§ Work to complete
Copy out the data below from the line containing "PENGALAMAN MENGIKUTI ISPO" to the line containing "e9998c13e2 Bota Ankle", both lines included, with all images left out.
--- Source data Enclosed Below ---
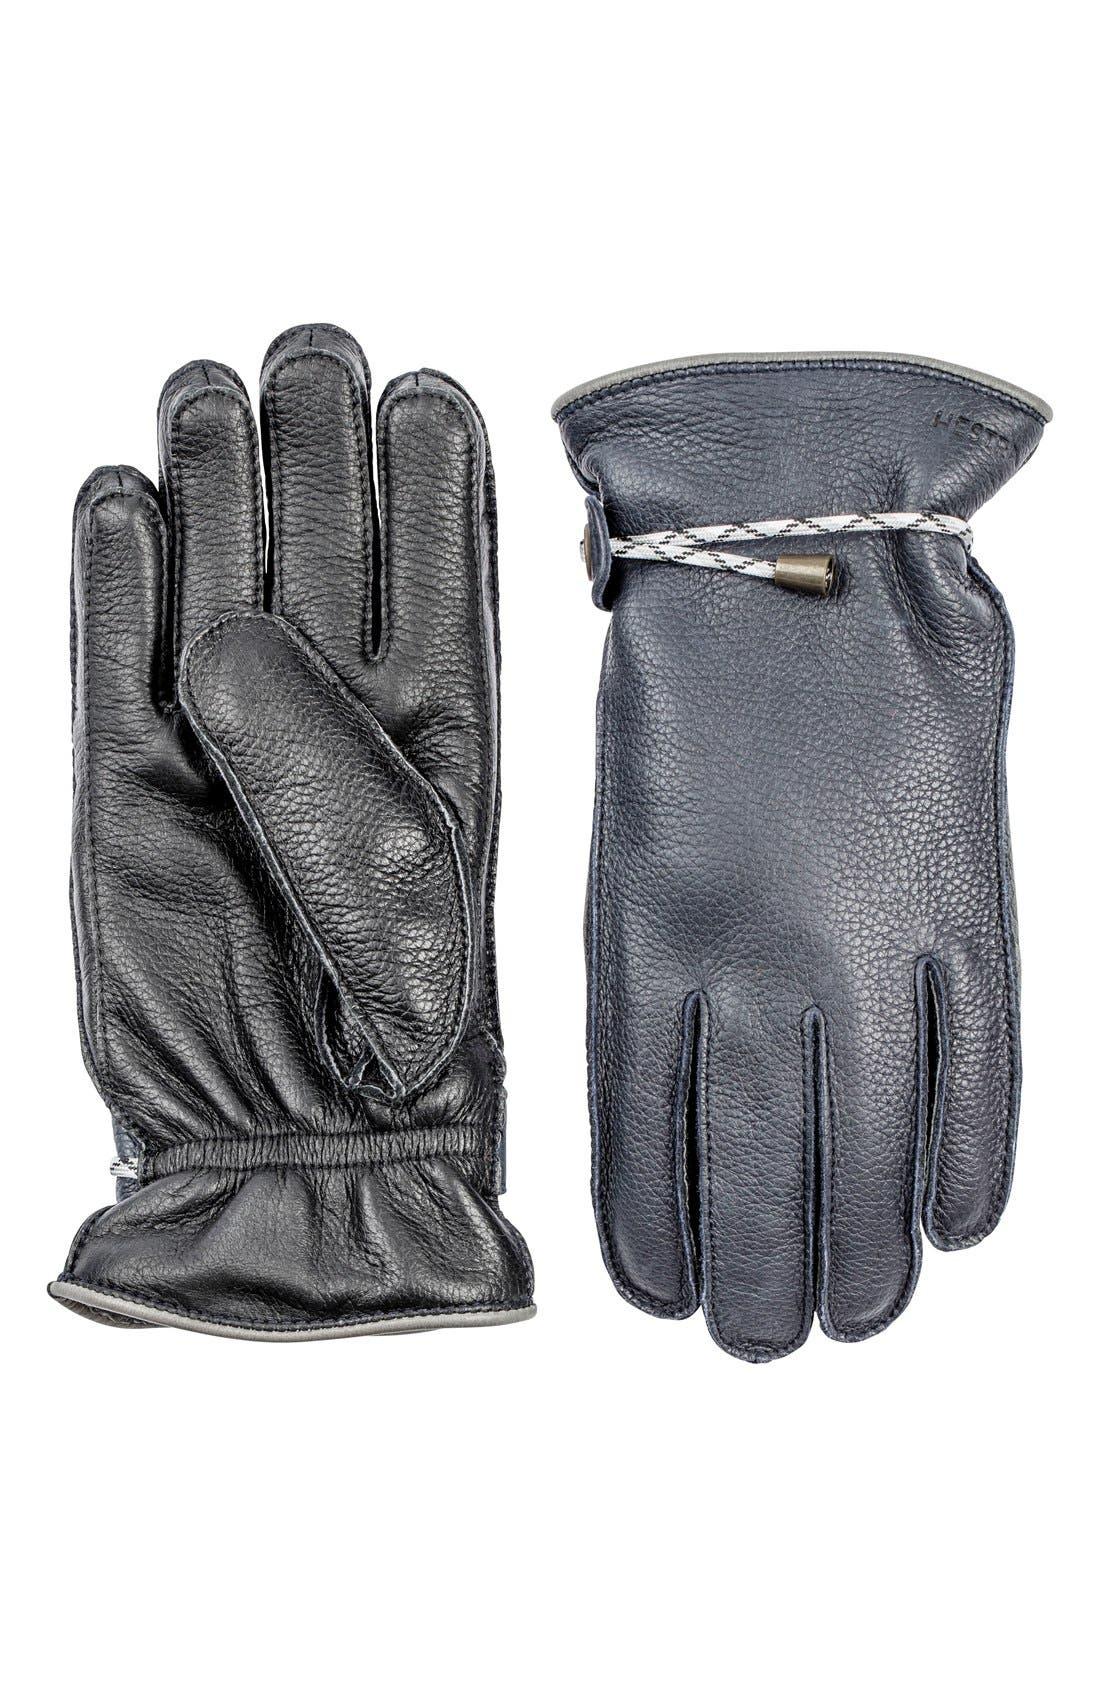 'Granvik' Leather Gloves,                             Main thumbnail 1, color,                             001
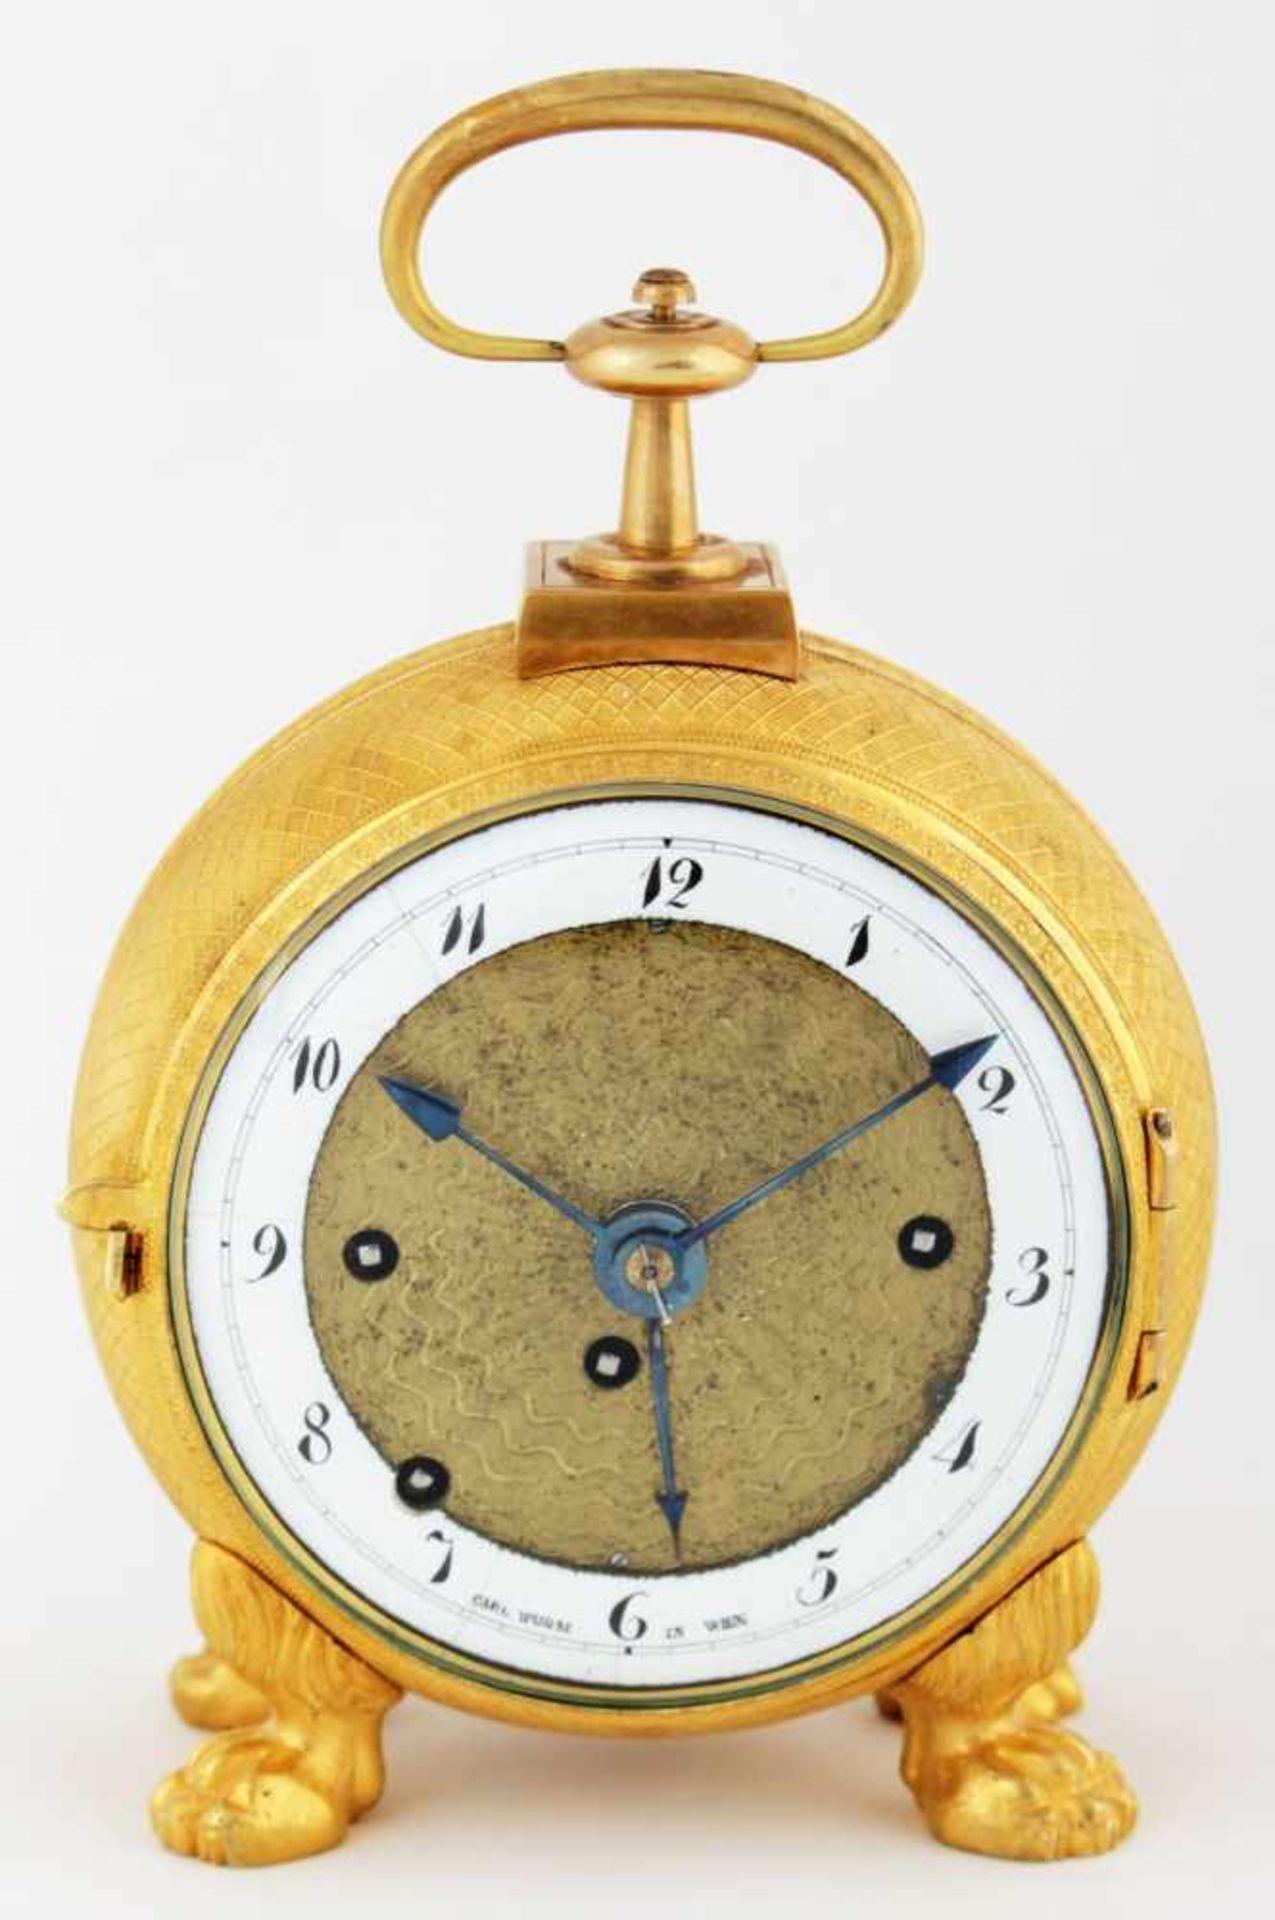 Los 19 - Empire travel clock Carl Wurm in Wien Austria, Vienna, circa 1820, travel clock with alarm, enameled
--- End of Enclosed Source data ---
--- Source data Enclosed Below ---
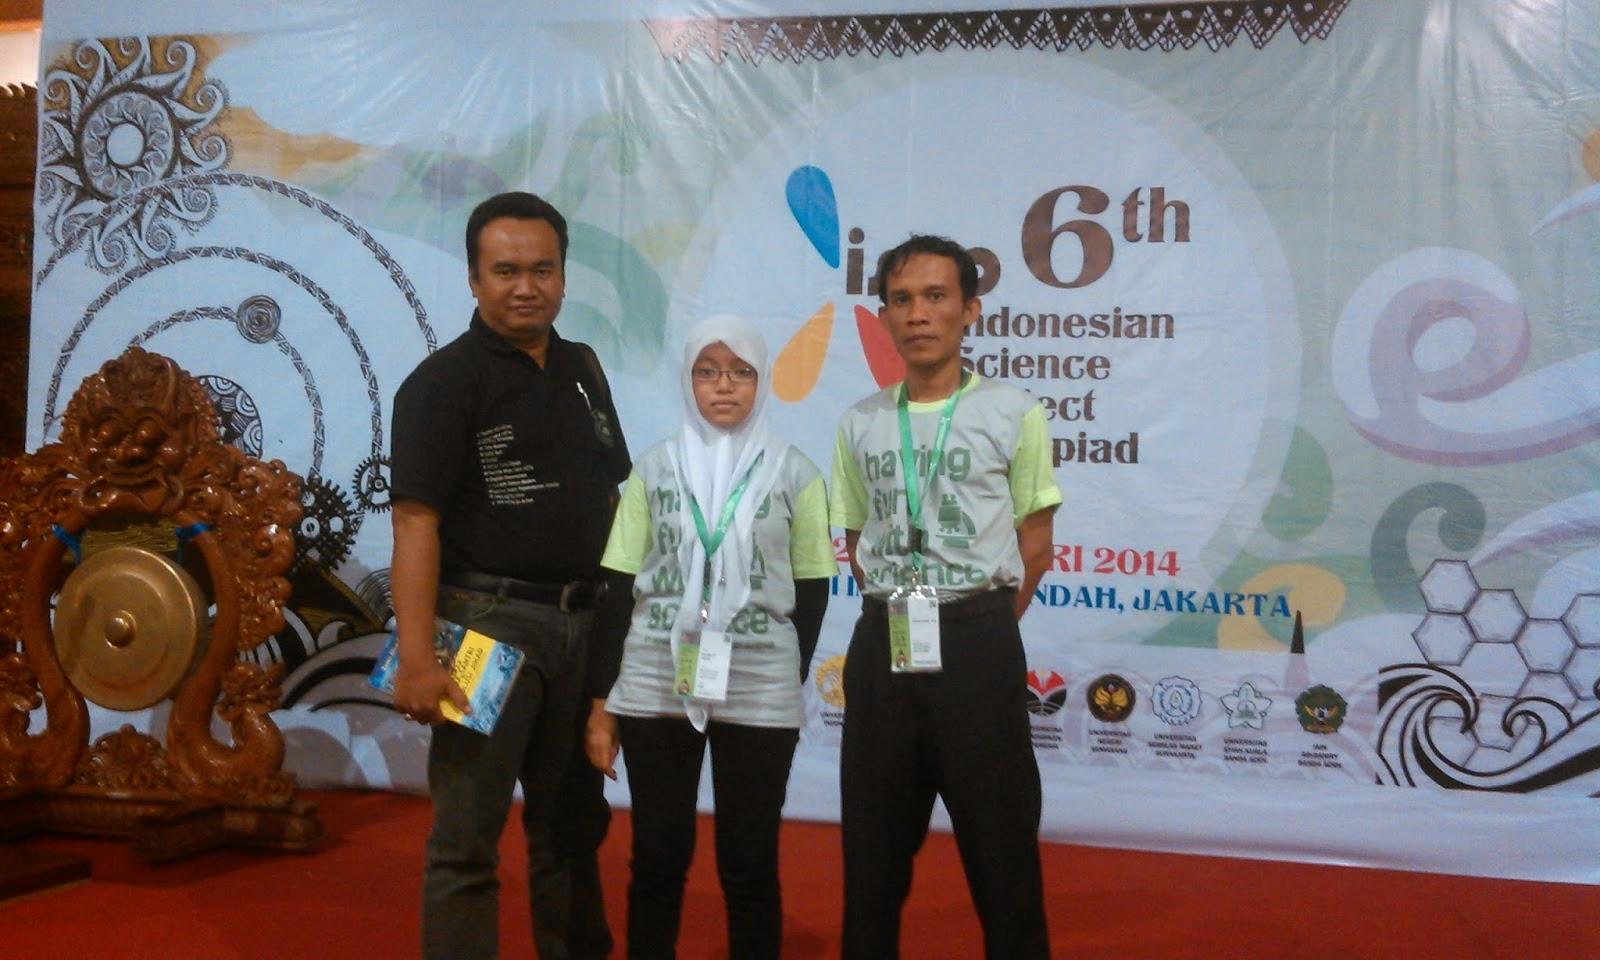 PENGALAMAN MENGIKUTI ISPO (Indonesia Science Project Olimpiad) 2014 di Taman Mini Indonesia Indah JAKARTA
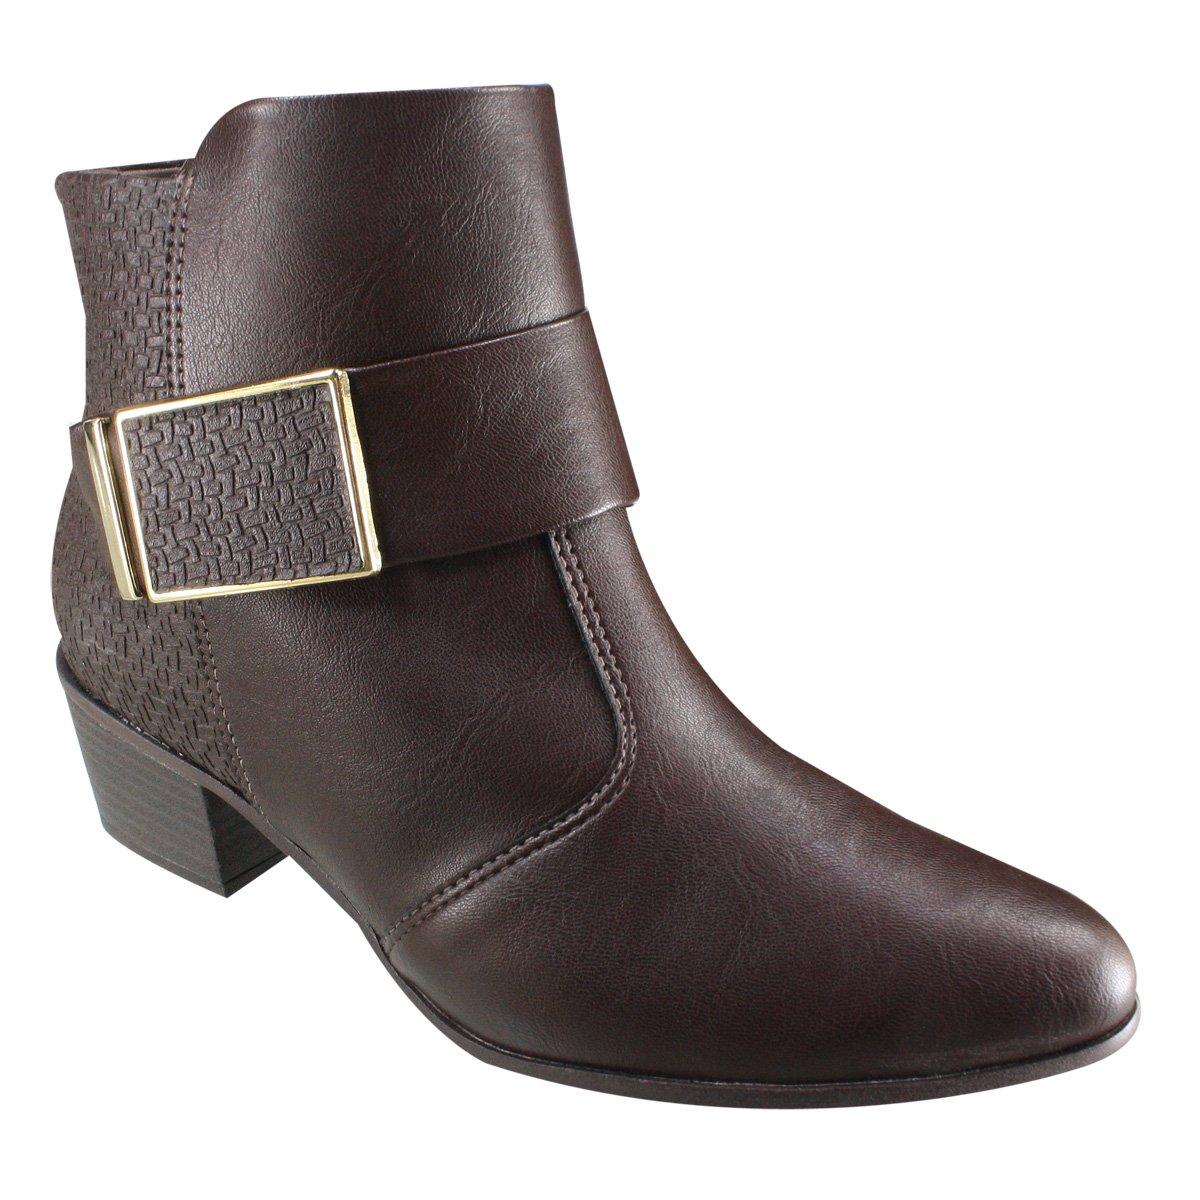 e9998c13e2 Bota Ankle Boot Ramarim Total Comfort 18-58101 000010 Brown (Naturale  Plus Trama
--- End of Enclosed Source data ---
§ Answer area
 PENGALAMAN MENGIKUTI ISPO (Indonesia Science Project Olimpiad) 2014 di Taman Mini Indonesia Indah JAKARTA
 e9998c13e2 Bota Ankle Boot Ramarim Total Comfort 18-58101 000010 Brown (Naturale  Plus Trama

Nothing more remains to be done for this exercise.